Jacob Zuma on Sunday used a final rally before his near-certain victory in Wednesday’s elections to pledge to uphold the independence of South Africa’s judiciary, as he whipped up huge crowds of supporters electrified by the surprise appearance of Nelson Mandela.
The atmosphere at a packed Ellis Park, Johannesburg’s 60,000-seat rugby stadium, reflected the scale of victory the African National Congress expects to secure. Leaders of the party that has ruled since the end of apartheid in 1994 say they are confident of repeating the two-thirds majority they won in the last polls five years ago.
Days after the president-in-waiting caused widespread trepidation by suggesting the country’s top court should be more accountable to government, Mr Zuma said: “When we comment on the pace of transformation [from white rule] in the judiciary, it is not because we want to infringe on its independence but seek faster action.”
Such pledges are unlikely to placate those South Africans troubled by the corruption allegations against Mr Zuma that linger despite prosecutors’ recent decision to drop charges against him.
For his delirious fans, who have bought into his pledges to do more to combat stubborn unemployment and poverty, the zenith of a hot afternoon came with a rendition of Bring me my machine gun, the raucous resistance hymn that is Mr Zuma’s anthem.
The performance was only eclipsed by the welcome afforded South Africa’s first black president, who ruled from 1994 to 1999.
Eight months after another rare public appearance at a rally to mark his 90th birthday and 19 years after he walked free from Robben Island following three decades in apartheid prisons, a frail Mr Mandela took a full five minutes to climb the short staircase to the stage, supported by Mr Zuma.

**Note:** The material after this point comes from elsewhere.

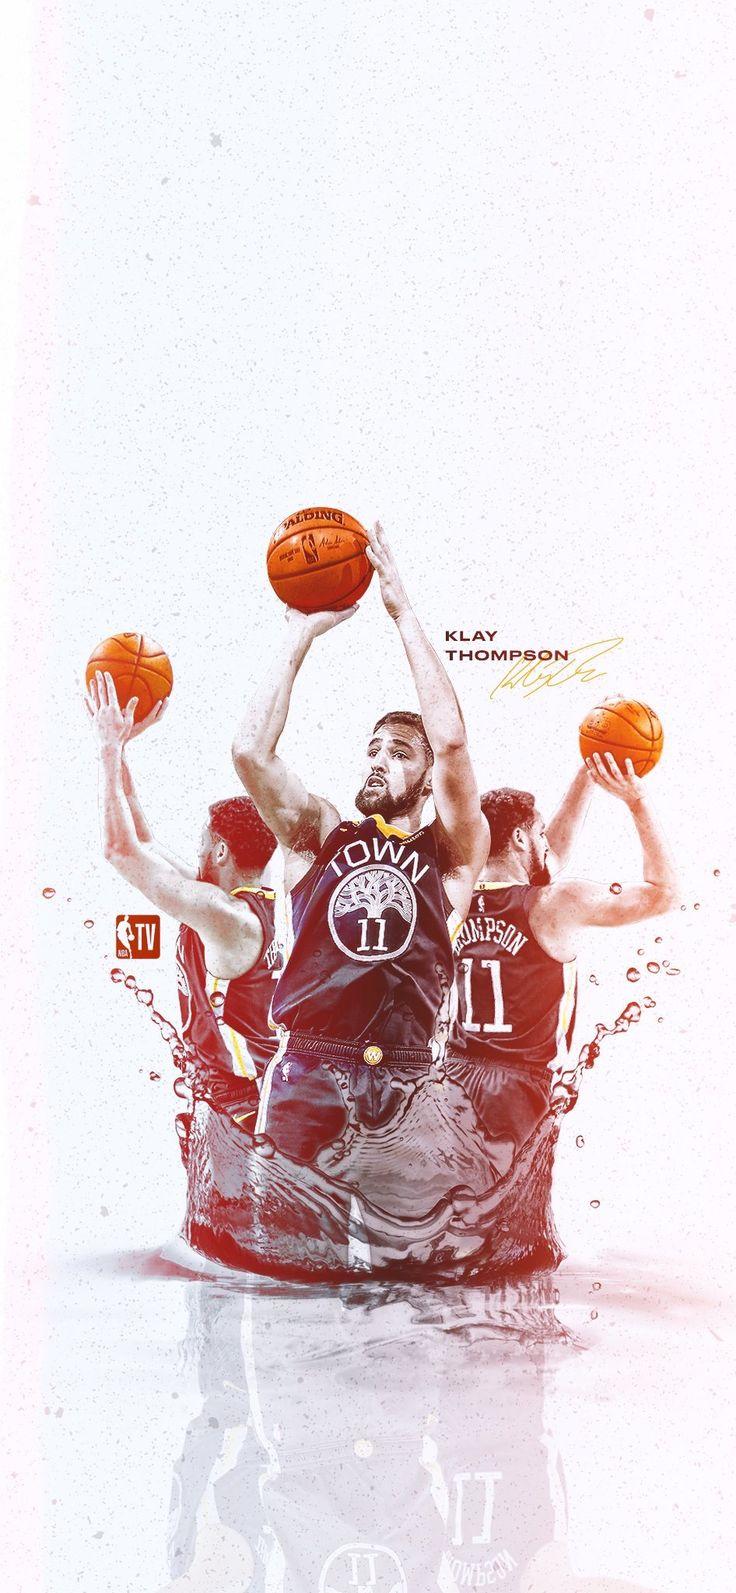 Pin by Juanba Teisa on NBA Basketball wallpaper

In a pre-recorded message broadcast on huge screens, he told ecstatic crowds to remember the ANC’s “primary task”: “It is to eradicate poverty and ensure a better life for all.”

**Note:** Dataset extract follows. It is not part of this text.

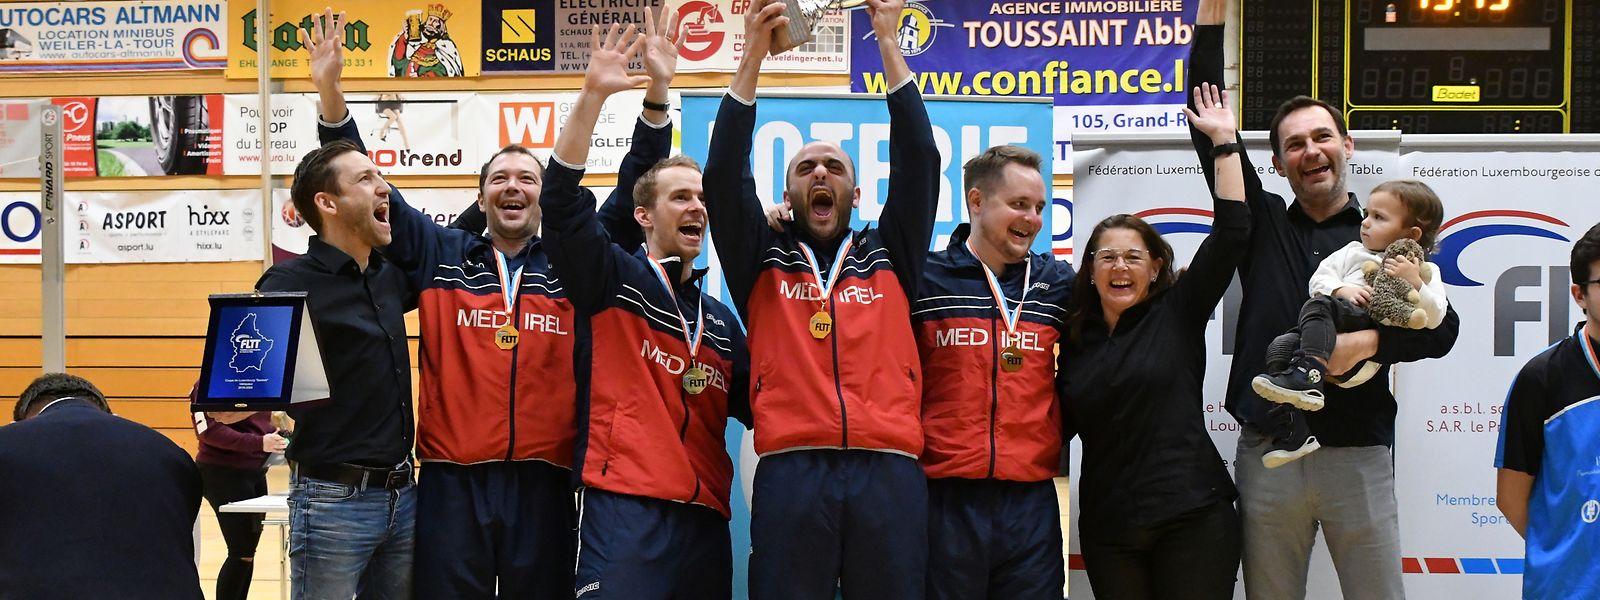 Die Düdelinger Andy Cattazzo (Kapitän), Zoltan Fejer-Konnerth, Dennis Müller, Fabio Santomauro, Gilles Michely, Bianca Bauer (Trainerin) und Steve Goetzinger (Trainer, v.l.n.r.) freuen sich über den Titelgewinn.

But even as traditional healers burned herbs to call on Mr Zuma’s ancestors to guide him in leadership, not everyone was ready to celebrate.
Standing at the edge of the Ellis Park turf, Golden Miles Phudu, 48, from Eldorado Park near the vast township of Soweto, wore heavy metal chains around his bare chest and shoulders.
“We are 15 years down the road [from 1994’s first democratic elections]. This country is stinking rich but the majority of our people remain in abject poverty. It is not supposed to be like this.” Only when the country’s wealth was more equitably shared would he remove the chains, Mr Phudu said.